A first order logic extended with binding terms like the familiar set descriptors $\{x:\varphi\}$

This is an excellent question, and is something which should be explicitly treated in basic logic texts (and in my experience, isn't). Disappointingly or satisfyingly depending on what you're looking for, first-order logic is already enough - at least, initially (see below the fold).

All the constructors you're talking about are definable in an appropriate sense, and so they can be implemented in standard first-order logic by just tweaking the syntax appropriately: basically, we'd add infinitely many new function symbols, each corresponding to an instance of the desired constructor, and axioms saying how they work. In all of the examples you've described, this can be done without difficulty.

For example, let's look at the Hilbert $\epsilon$-operator. Rather than have a single $\epsilon$, we'll have a separate $\epsilon_A$ for each formula $A$ with at least one free variable, and these will behave as follows:

  • The simplest case is for single-variable (so, parameter-free) $A$. In this case, $\epsilon_A$ is nullary - it's just a constant. And our corresponding axiom is $$\exists xA(x)\implies A(\epsilon_A).$$

  • Now let's look at the case where $A$ has two free variables, $x$ and $y$. We might now want to write something which for each $b$ picks some $a$ such that $A(a,b)$ holds (if such an $a$ exists). So our $\epsilon_A$ is now a unary function, and the corresponding axiom is $$\forall y(\exists xA(x,y)\implies A(\epsilon_A(y),y)).$$

  • More generally, an $(n+1)$-ary $A$ yields an $n$-ary $\epsilon_A$, with corresponding axiom $$\forall y_1,...,y_n(\exists xA(x,y_1,...,y_n)\implies A(\epsilon_A(y_1,...,y_n), y_1,...,y_n)).$$

Note the similarity between this kind of implementation and Skolem functions - it's exactly the same idea. Incidentally, it is at this point arguably better to adopt a version of first-order logic which allows for partial functions and empty structures, just for simplicity; the deductive apparatus of course gets more annoying, but very manageably so, and it might clean things up in certain respects. But that's not an essential point.

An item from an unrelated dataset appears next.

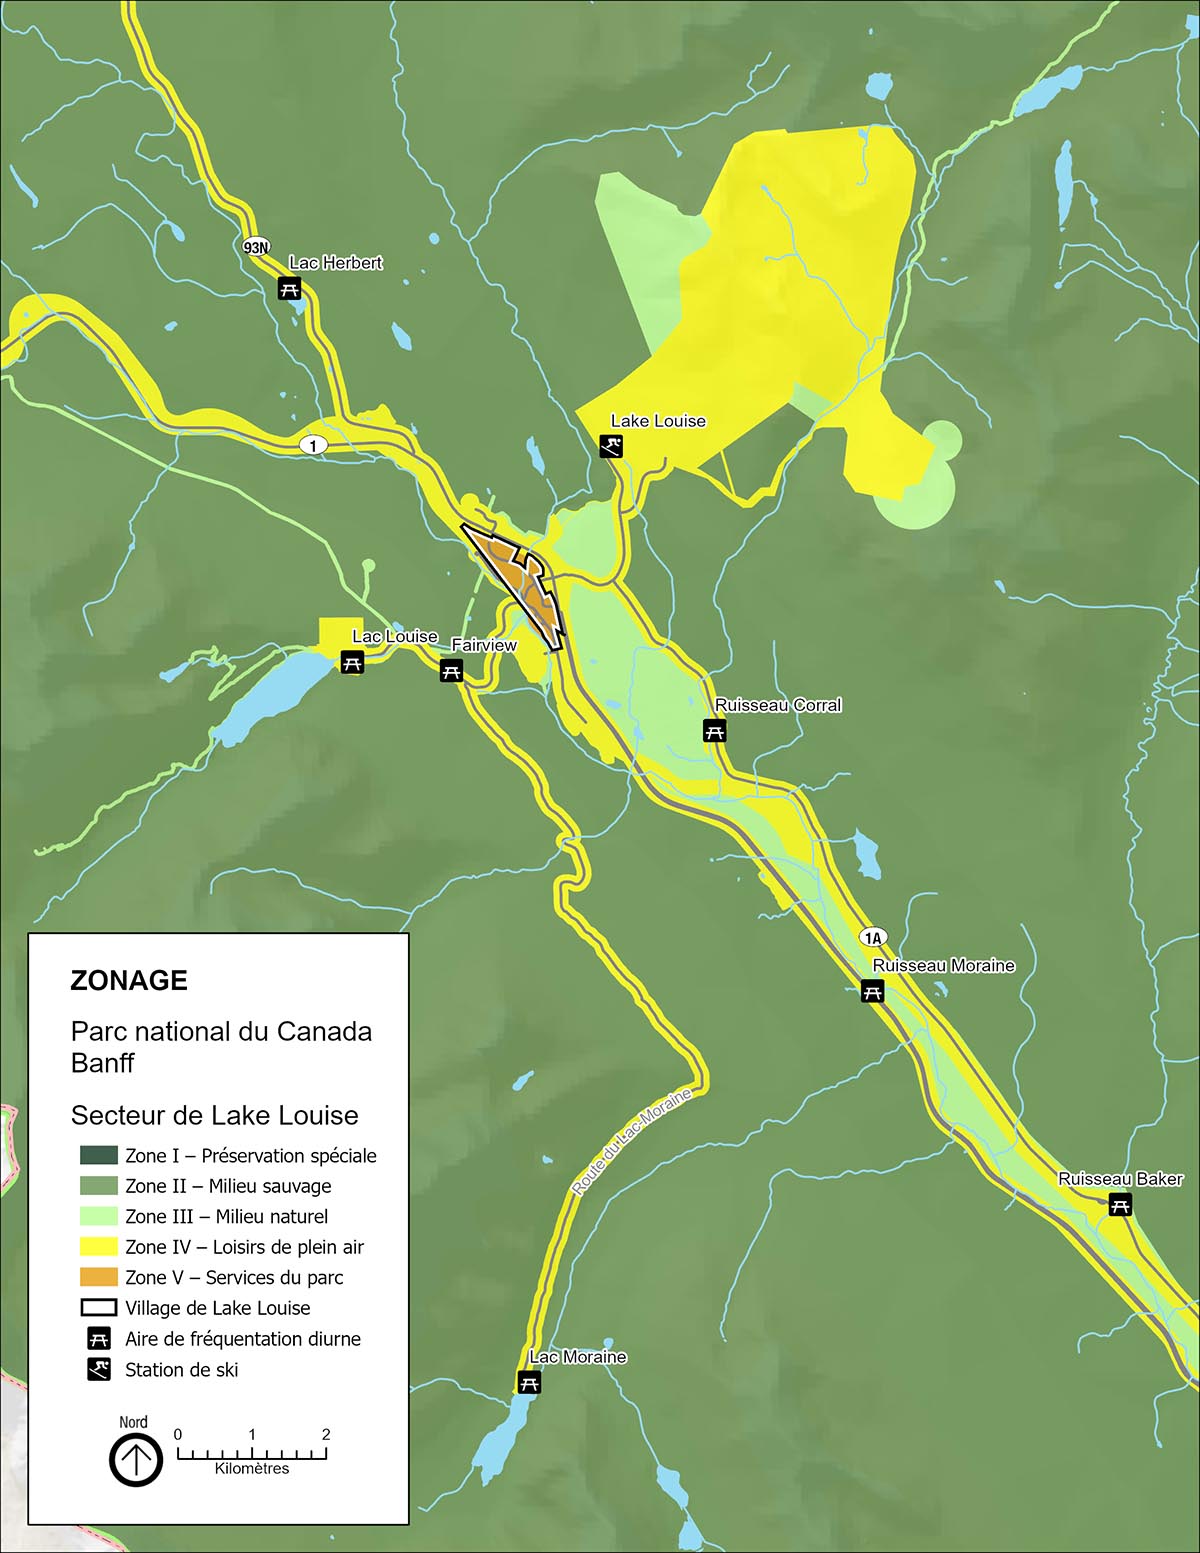  Carte 8 : Zonage du secteur de Lake Louise

Of course, there's a more general question here which the above fails to address: what if we're looking for a general theory which allows for (essentially) arbitrary ways to build terms out of formulas?

In this case it seems that there is actually not too much literature out there. I asked an MO question about this a while back, since this is a topic I've already started working on and I wanted to avoid reinventing the wheel. Some basic model theory for the resulting logic is easy enough to whip up, but it seems not to have been done explicitly yet; the existing work seems to be on the computer science side, and not focused on those topics. (Incidentally, Andrej's answer to that question is a great example of how logicians should pay attention to computer science.)

If you're interested, I can tell you what I know about the resulting logic. But that gets a bit far afield for this answer, so I'll stop here for now.

(Incidentally, it looks like I forgot to mention the specific motivation at that question; briefly, I was - and am - playing around with abstract Godel numbering notions in the context of generalized recursion theory.)